Shadowing means following the nurse being her shadow for 2 to 4 hours, or even for 12 hours just watching everything with no interference, no hands-on, just observe, unless he/she asks for help, please help, it feels amazing. All paperwork, kardexes, or notes you wrote down regarding the Pacient of his or her care must be thrown away at the end of the day in a proper place that's designed to shred into tiny pieces - the papers with sensitive information,  information like name, date of birth, lab results, and diagnostics. All information that is confidential, regarding HIPAA rules.

What is HIPAA? HIPPA means Health Insurance Portability and Accountability Act it is a law enacted in 1996 that protects the client's privacy, it's a law regarding healthcare, health plans, healthcare insurance, electronic signatures, electronic transactions, the client's health information, so HIPAA ensures the privacy of individual information.

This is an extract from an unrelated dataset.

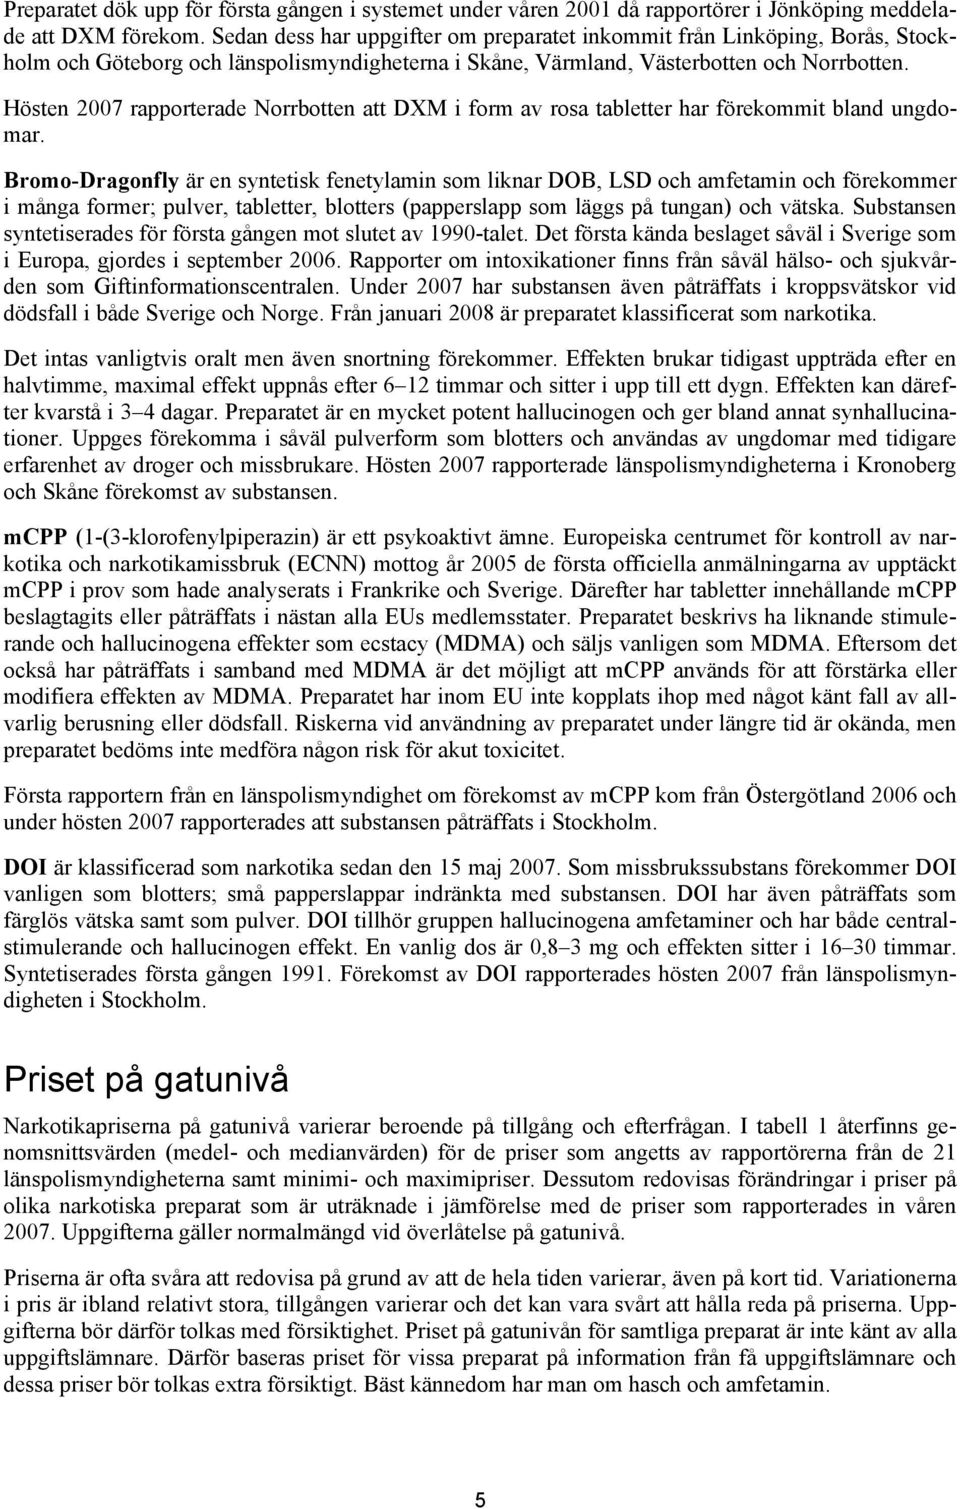 Hösten 2007 rapporterade Norrbotten att DXM i form av rosa tabletter har förekommit bland ungdomar.

Do you get paid for shadowing the nurse?  Sometimes yes, sometimes no. It is all very worth it, it's a lot of new information you will have the chance to learn, so it is always a very positive experience!

To get ready for the shadowing day, wake up a little earlier have breakfast first, and take your phone and a small thin wallet with you in your pocket, I recommend that because you're always ready to go anywhere including going on luch and buying your lunch at the cafeteria, the locker rooms are usually locked and it needs someone to open it for you to access your bags, having your items with you saves you time if you have only your essential belongings with you.

Good luck on your first day shadowing the nurse.